Hi, I wish to download all the InterPro matches for one species, say humans. So, I'm looking for a flat-file data with the following information:
<UniProt.ID> <Signature.Accession> <Signature.Database> <InterPro.Entry.ID> <InterPro.Entry.Type>
I have already tried InterPro BioMart (query below), but it turns out to be too slow. Or, if a HTML sample table is returned for viewing in 'Results', when I choose file download and wait, it stops after some time (0.5h to 1hr) with a blank page or an error message.
Dataset
- Protein Matches
Filters
- NCBI Taxonomy ID (Includes 'children') : [ID-list specified]
- Match Status : T
- InterPro Entry Type : Active_site,Binding_site,Conserved_site,Domain,Family,PTM,Repeat
Attributes
- UniProtKB Protein Accession
- Signature Accession
- Source Signature Database
- InterPro Entry ID
- InterPro Entry Type
Does anyone know where/how I can download InterPro data one species at a time?

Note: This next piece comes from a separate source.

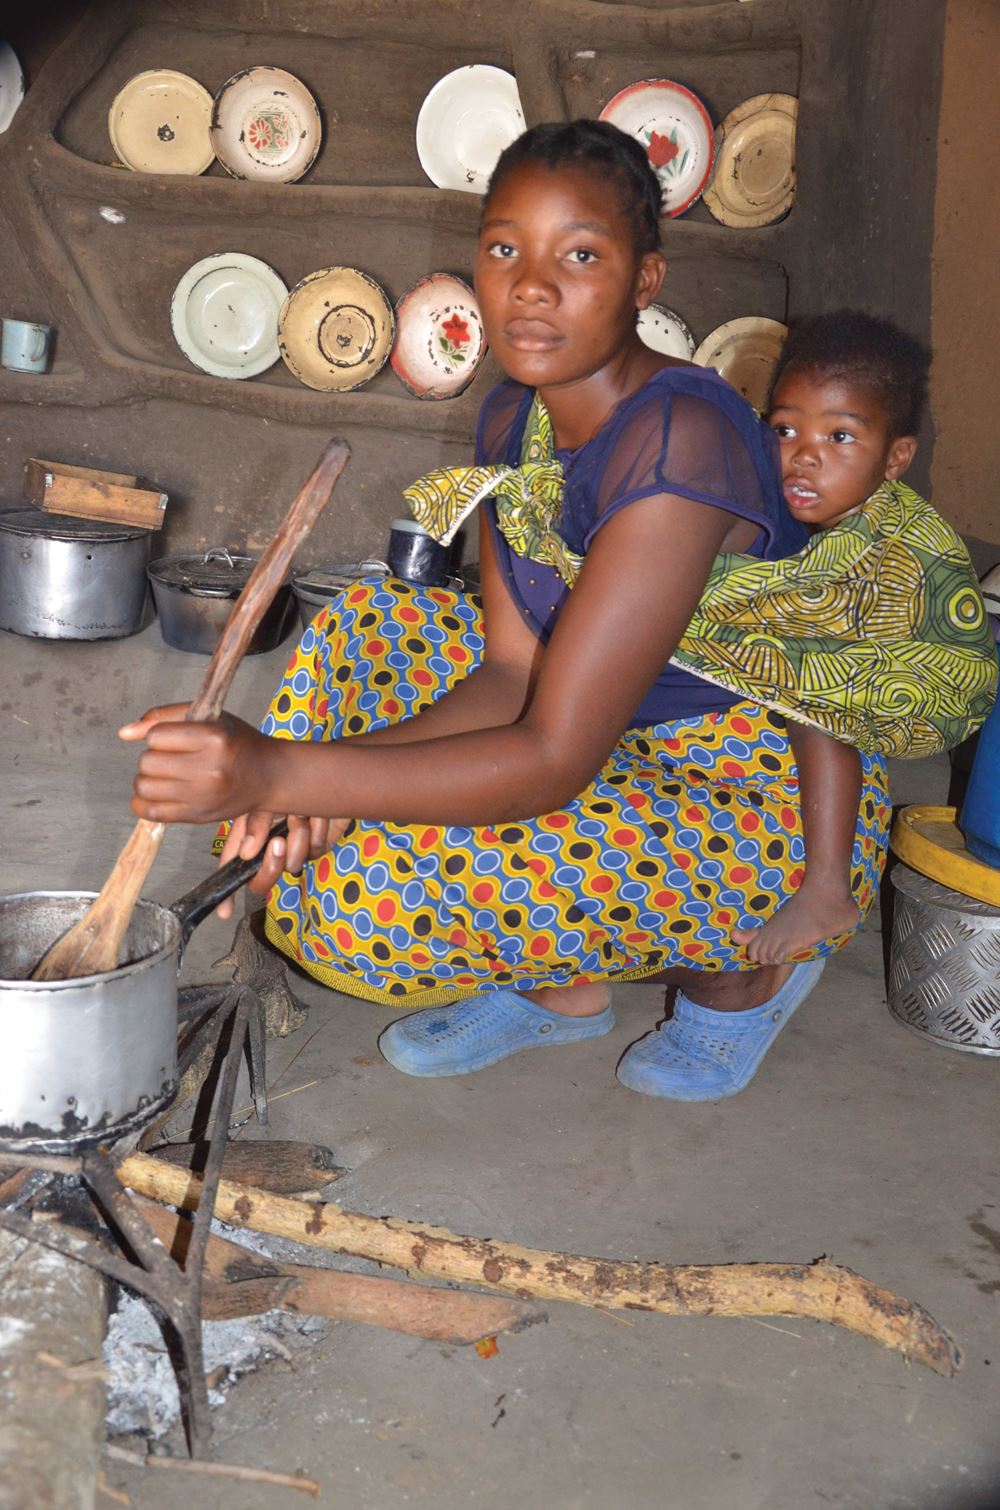 Mädchen mit Baby beim Kochen (Quelle: Kindernothilfe Luxembourg)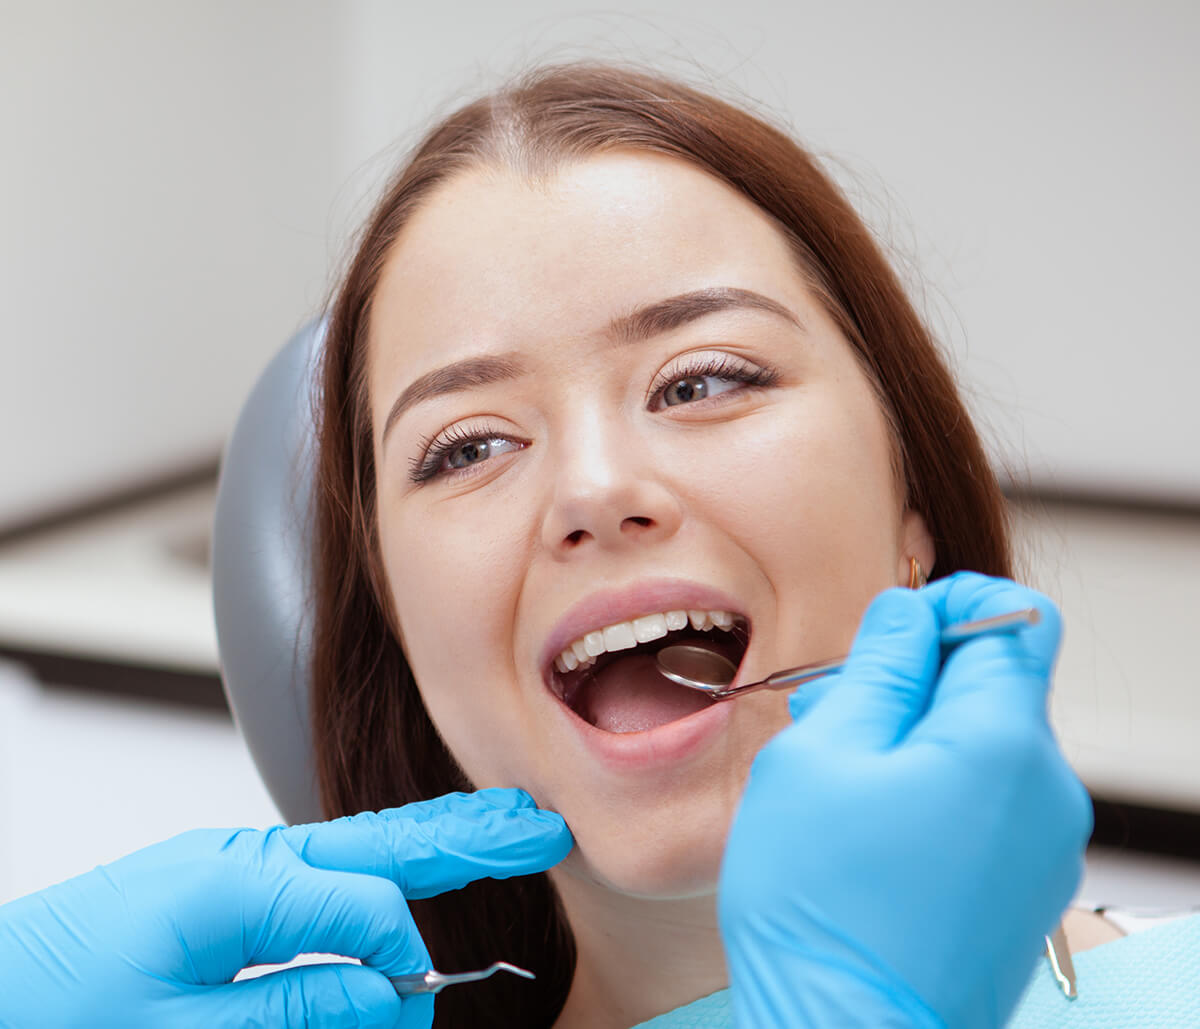 Gum Disease Treatment Process in Kirkland WA Area

Is there no other way (apart from BioMart) other than to download and parse the entire set of InterPro matches from their FTP site? By the way, if that is the case, which file is to be used, interpro.xml or match_complete.xml?
Pays to know your taxonomy IDs. They're a useful start point at both Uniprot and NCBI.
Wow, I did not realize that UniProt does such a wonderful job of brining data seamlessly together for query and download! Thanks for your suggestion.